Despite improved recognition and management of the AAV, progression to ESKD still occurs in a significant proportion of patients. While the paediatric literature is limited, both renal and non-renal relapses have been reported in adult patients with GPA, MPA and RLV. In a pooled analysis of published data, the recurrence rate for adults post-renal transplantation was reported to be 17.3% (127 patients), with no differences in relapse rate noted between the three disease entities. Average time from transplant to relapse was 31 months. Duration of time on dialysis, ANCA subtype, ANCA positivity at time of transplantation, allograft type (deceased or live) and immunosuppression regimen (with or without ciclosporin) had no clear effect on relapse rate [80].
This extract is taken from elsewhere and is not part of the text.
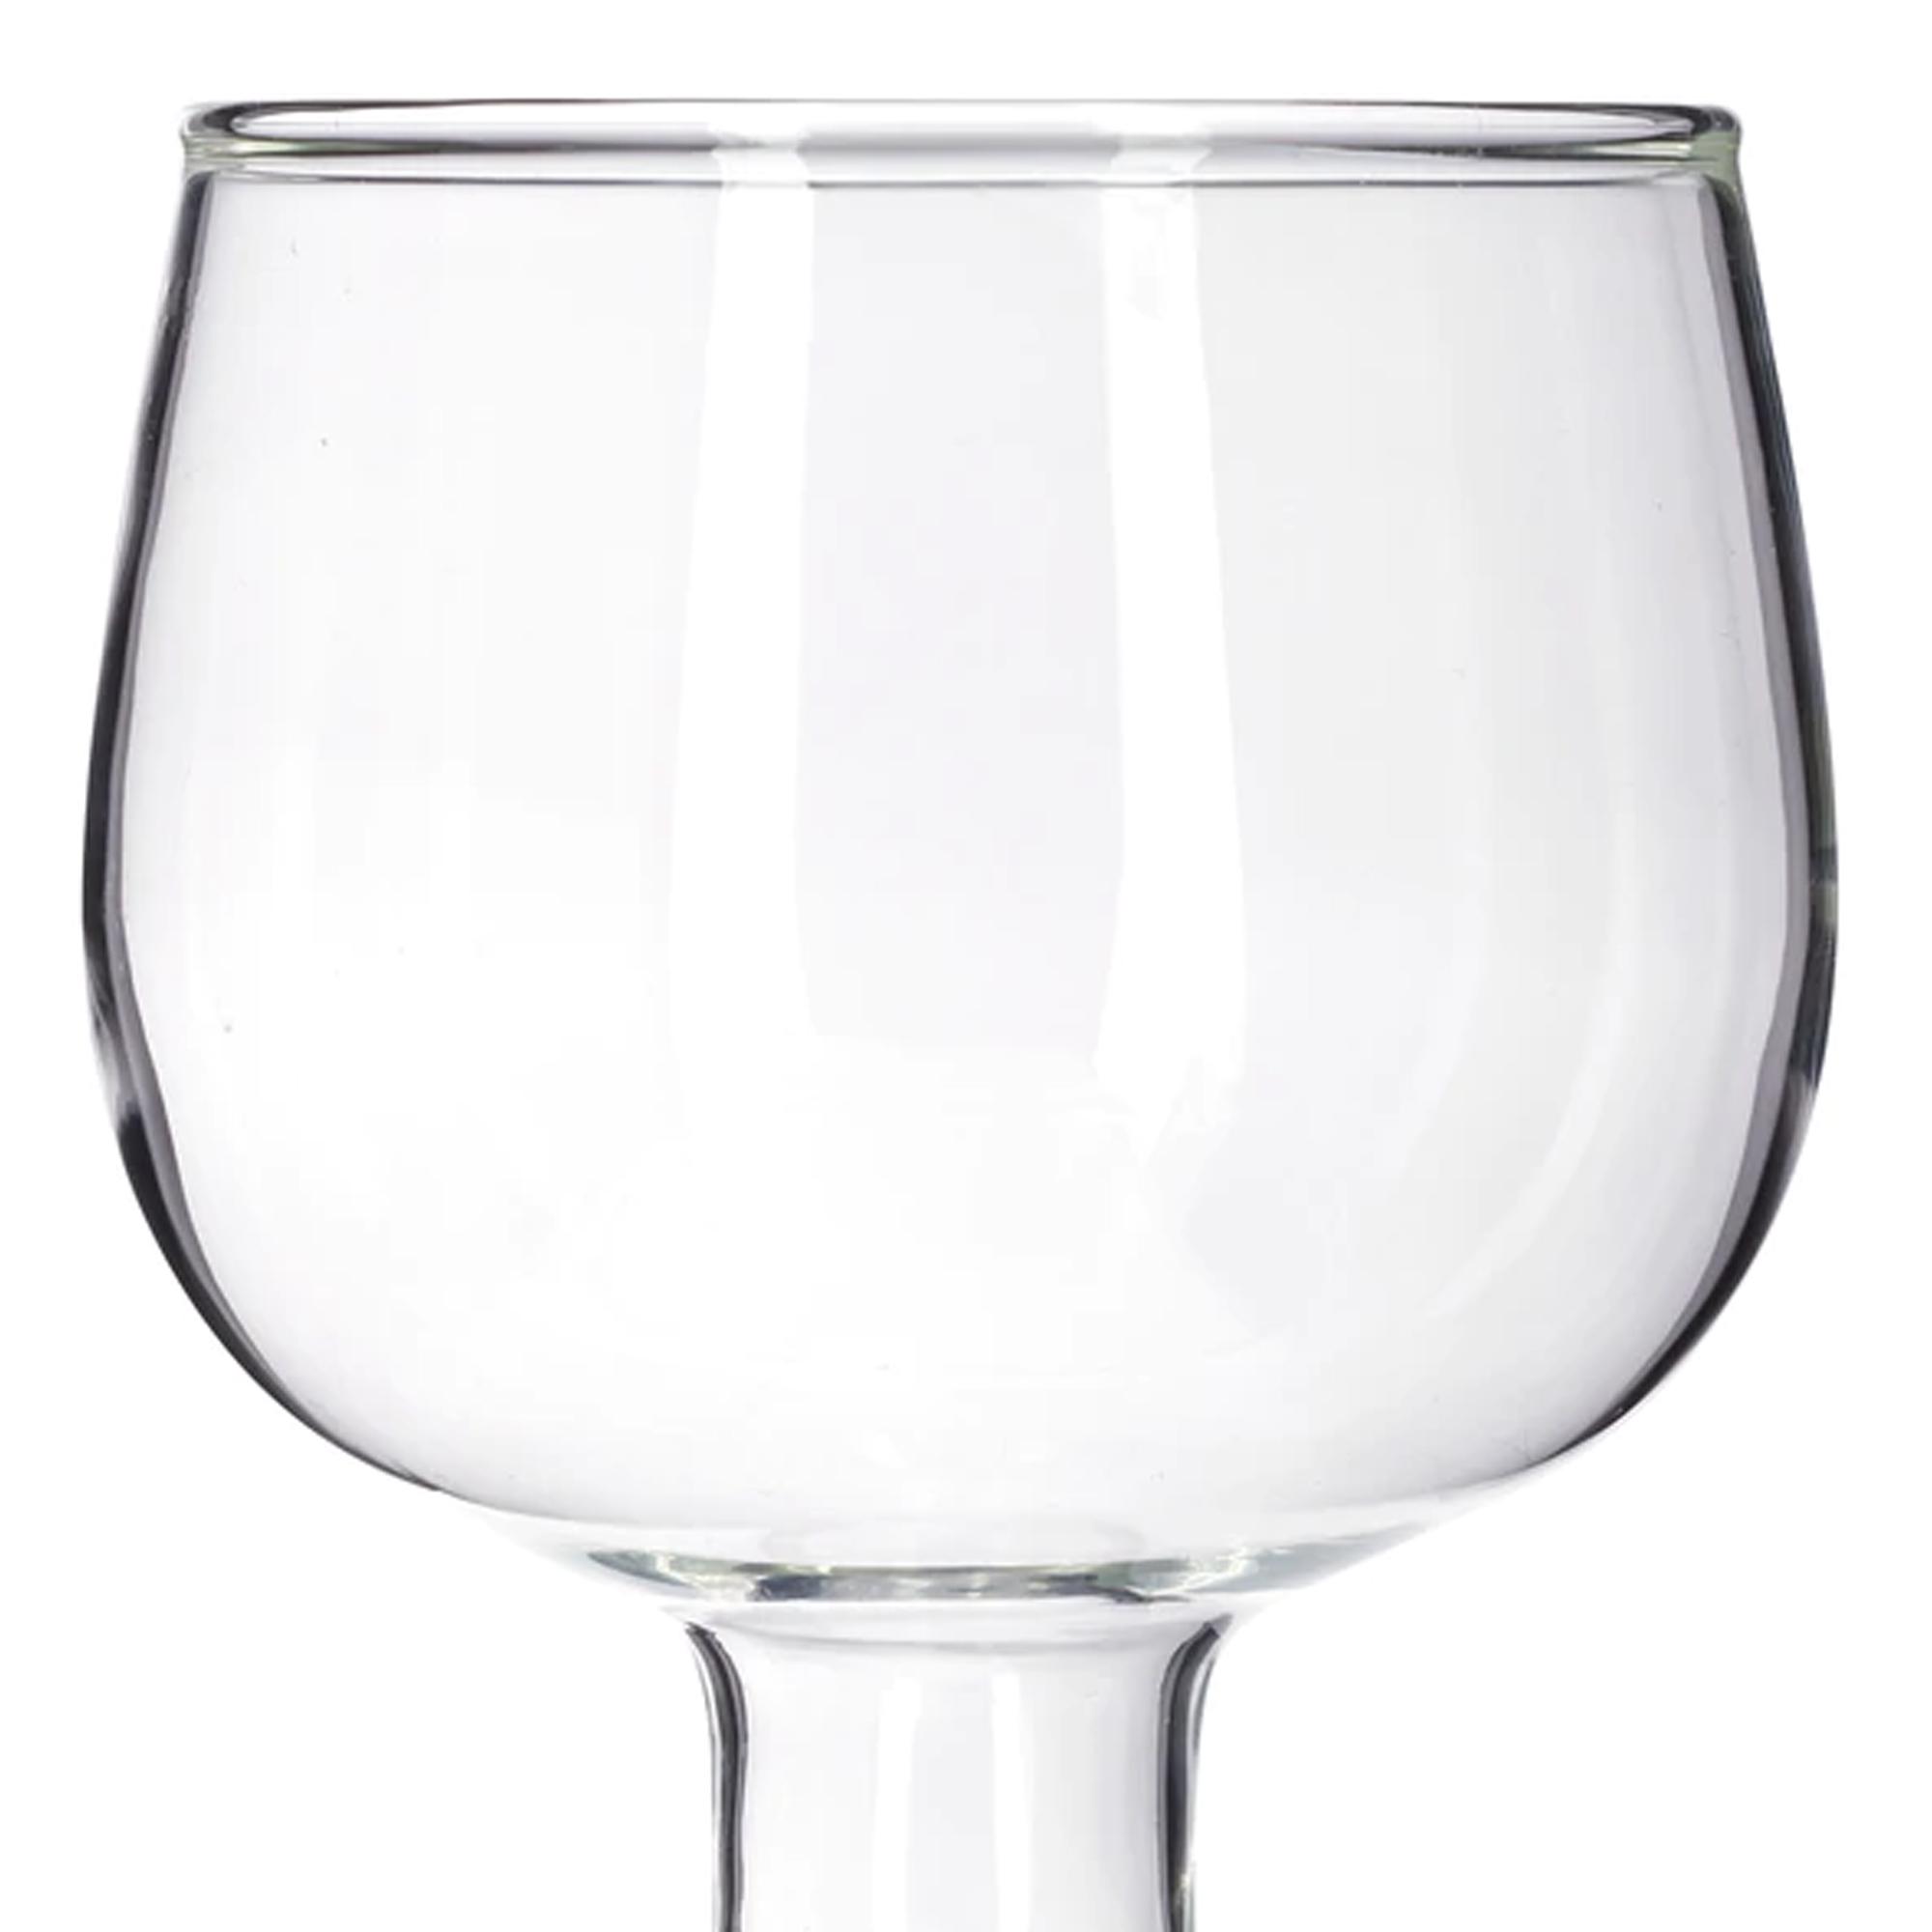 Unerschöpfliches Weinglas - 2

More recently, a large retrospective study of 85 patients reported a low relapse rate of 0.02 per patient-year (median follow-up 64 months, range 3–165 months) on a prednisolone, MMF and tacrolimus regimen post-transplantation, with lower relapse rates than in patients on dialysis, perhaps the result of immunosuppression regimens used post-transplantation [81]. Renal function post-transplantation is also comparable to control subjects, with similar patient and graft survival rates seen at 1, 5 and 10 years of follow-up [81, 82]. Therefore, despite the perpetual risk of relapse, kidney transplantation is recommended for patients with ESKD during clinical remission, regardless of ANCA status [80, 81].

Prognosis

Most of our knowledge regarding the long-term outcomes of AAV is based on adult data. In children, the majority of studies have a limited follow-up: to date, seven case series describe a total of 86 paediatric patients with AAV, with follow-up periods ranging from 4 months to 11 years. Compared with adult data, long-term disease or treatment-related morbidity is reportedly lower (22 vs. 45% [33]), however the data are weak and the burden is still significant. A recent study of children followed up into adulthood (median of 18.5 years, range 11–30 years [3]) described eight patients with relapsing disease. One death was noted secondary to respiratory complications of GPA. With regards to treatment-related morbidity, 50% of patients were infertile, 7 patients suffered infections, one patient developed a malignancy and two developed skeletal complications secondary to corticosteroid treatment. One-half of all patients developed ears, nose, and throat complications, including hearing loss (4 patients), nasal septum (2 patients) or upper airway deformities (1 patient). All but one patient had received cyclophosphamide, with five patients requiring repeated courses. Biological agents were used in three patients, with higher rates of infection seen with infliximab. The study emphasizes the need for effective immunosuppressive regimens while minimizing adverse effects: paediatric patients are at potentially greater risk of long-term morbidity due to their age and cumulative exposure and are therefore likely to benefit most from further research in this field.

Conclusion

Anti-neutrophil cytoplasmic antibody-associated vasculitis is a rare condition in children, but one that is associated with significant morbidity and mortality. The exact pathogenesis remains unknown, and it is likely to be multifactorial. Understanding some of the immune mechanisms underlying the disease has led to the addition of biologic therapies as feasible management options. The evidence base for management, especially in children, is limited; however, early aggressive immunosuppression is strongly recommended to achieve a prompt disease remission, and subsequent careful monitoring is required to assess for disease relapse. European initiatives may provide standardized guidance on management in the near future. Renal involvement is often associated with a worse long-term outcome, although renal transplantation remains an option in those who progress to ESKD.